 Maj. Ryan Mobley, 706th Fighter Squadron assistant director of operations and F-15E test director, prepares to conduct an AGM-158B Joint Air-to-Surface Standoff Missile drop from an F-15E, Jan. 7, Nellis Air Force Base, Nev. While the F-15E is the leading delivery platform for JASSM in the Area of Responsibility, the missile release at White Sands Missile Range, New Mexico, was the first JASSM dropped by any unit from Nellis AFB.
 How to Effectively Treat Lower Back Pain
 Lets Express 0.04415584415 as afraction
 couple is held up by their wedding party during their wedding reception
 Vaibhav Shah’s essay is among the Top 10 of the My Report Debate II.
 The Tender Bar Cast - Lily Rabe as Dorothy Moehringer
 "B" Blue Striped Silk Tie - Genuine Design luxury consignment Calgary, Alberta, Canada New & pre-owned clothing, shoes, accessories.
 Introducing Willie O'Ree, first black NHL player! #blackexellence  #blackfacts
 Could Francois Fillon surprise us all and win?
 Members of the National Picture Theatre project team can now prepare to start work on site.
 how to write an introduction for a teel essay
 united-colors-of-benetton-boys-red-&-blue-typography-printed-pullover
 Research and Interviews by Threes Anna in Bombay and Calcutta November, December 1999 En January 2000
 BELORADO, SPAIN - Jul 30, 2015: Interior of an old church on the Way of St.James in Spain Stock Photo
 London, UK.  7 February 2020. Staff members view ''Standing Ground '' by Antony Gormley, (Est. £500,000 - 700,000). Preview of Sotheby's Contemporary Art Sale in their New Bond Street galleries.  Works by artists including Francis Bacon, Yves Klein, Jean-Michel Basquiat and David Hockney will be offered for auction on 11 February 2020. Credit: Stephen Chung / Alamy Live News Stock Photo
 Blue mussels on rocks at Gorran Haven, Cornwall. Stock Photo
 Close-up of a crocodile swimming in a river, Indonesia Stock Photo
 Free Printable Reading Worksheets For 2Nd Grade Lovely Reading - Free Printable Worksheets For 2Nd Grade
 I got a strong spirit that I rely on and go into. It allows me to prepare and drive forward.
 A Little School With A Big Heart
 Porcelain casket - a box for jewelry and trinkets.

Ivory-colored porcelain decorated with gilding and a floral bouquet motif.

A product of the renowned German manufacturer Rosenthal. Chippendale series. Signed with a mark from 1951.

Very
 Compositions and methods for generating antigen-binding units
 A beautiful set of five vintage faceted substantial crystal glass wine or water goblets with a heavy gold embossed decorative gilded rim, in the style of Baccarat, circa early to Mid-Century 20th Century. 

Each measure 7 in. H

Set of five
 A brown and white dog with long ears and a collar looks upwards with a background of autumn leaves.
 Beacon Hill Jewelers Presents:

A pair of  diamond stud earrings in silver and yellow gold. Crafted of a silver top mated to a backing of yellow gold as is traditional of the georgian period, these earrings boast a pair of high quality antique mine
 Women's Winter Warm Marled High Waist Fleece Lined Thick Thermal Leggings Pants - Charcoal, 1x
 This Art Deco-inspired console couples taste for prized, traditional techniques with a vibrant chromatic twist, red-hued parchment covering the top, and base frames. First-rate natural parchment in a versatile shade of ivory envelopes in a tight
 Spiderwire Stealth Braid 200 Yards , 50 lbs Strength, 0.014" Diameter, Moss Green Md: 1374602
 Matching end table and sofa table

++++++

Given the records above, restate word for word only the lines starting at the one with "couple is held" and ending at the one with "A brown and".

 couple is held up by their wedding party during their wedding reception
 Vaibhav Shah’s essay is among the Top 10 of the My Report Debate II.
 The Tender Bar Cast - Lily Rabe as Dorothy Moehringer
 "B" Blue Striped Silk Tie - Genuine Design luxury consignment Calgary, Alberta, Canada New & pre-owned clothing, shoes, accessories.
 Introducing Willie O'Ree, first black NHL player! #blackexellence  #blackfacts
 Could Francois Fillon surprise us all and win?
 Members of the National Picture Theatre project team can now prepare to start work on site.
 how to write an introduction for a teel essay
 united-colors-of-benetton-boys-red-&-blue-typography-printed-pullover
 Research and Interviews by Threes Anna in Bombay and Calcutta November, December 1999 En January 2000
 BELORADO, SPAIN - Jul 30, 2015: Interior of an old church on the Way of St.James in Spain Stock Photo
 London, UK.  7 February 2020. Staff members view ''Standing Ground '' by Antony Gormley, (Est. £500,000 - 700,000). Preview of Sotheby's Contemporary Art Sale in their New Bond Street galleries.  Works by artists including Francis Bacon, Yves Klein, Jean-Michel Basquiat and David Hockney will be offered for auction on 11 February 2020. Credit: Stephen Chung / Alamy Live News Stock Photo
 Blue mussels on rocks at Gorran Haven, Cornwall. Stock Photo
 Close-up of a crocodile swimming in a river, Indonesia Stock Photo
 Free Printable Reading Worksheets For 2Nd Grade Lovely Reading - Free Printable Worksheets For 2Nd Grade
 I got a strong spirit that I rely on and go into. It allows me to prepare and drive forward.
 A Little School With A Big Heart
 Porcelain casket - a box for jewelry and trinkets.

Ivory-colored porcelain decorated with gilding and a floral bouquet motif.

A product of the renowned German manufacturer Rosenthal. Chippendale series. Signed with a mark from 1951.

Very
 Compositions and methods for generating antigen-binding units
 A beautiful set of five vintage faceted substantial crystal glass wine or water goblets with a heavy gold embossed decorative gilded rim, in the style of Baccarat, circa early to Mid-Century 20th Century. 

Each measure 7 in. H

Set of five
 A brown and white dog with long ears and a collar looks upwards with a background of autumn leaves.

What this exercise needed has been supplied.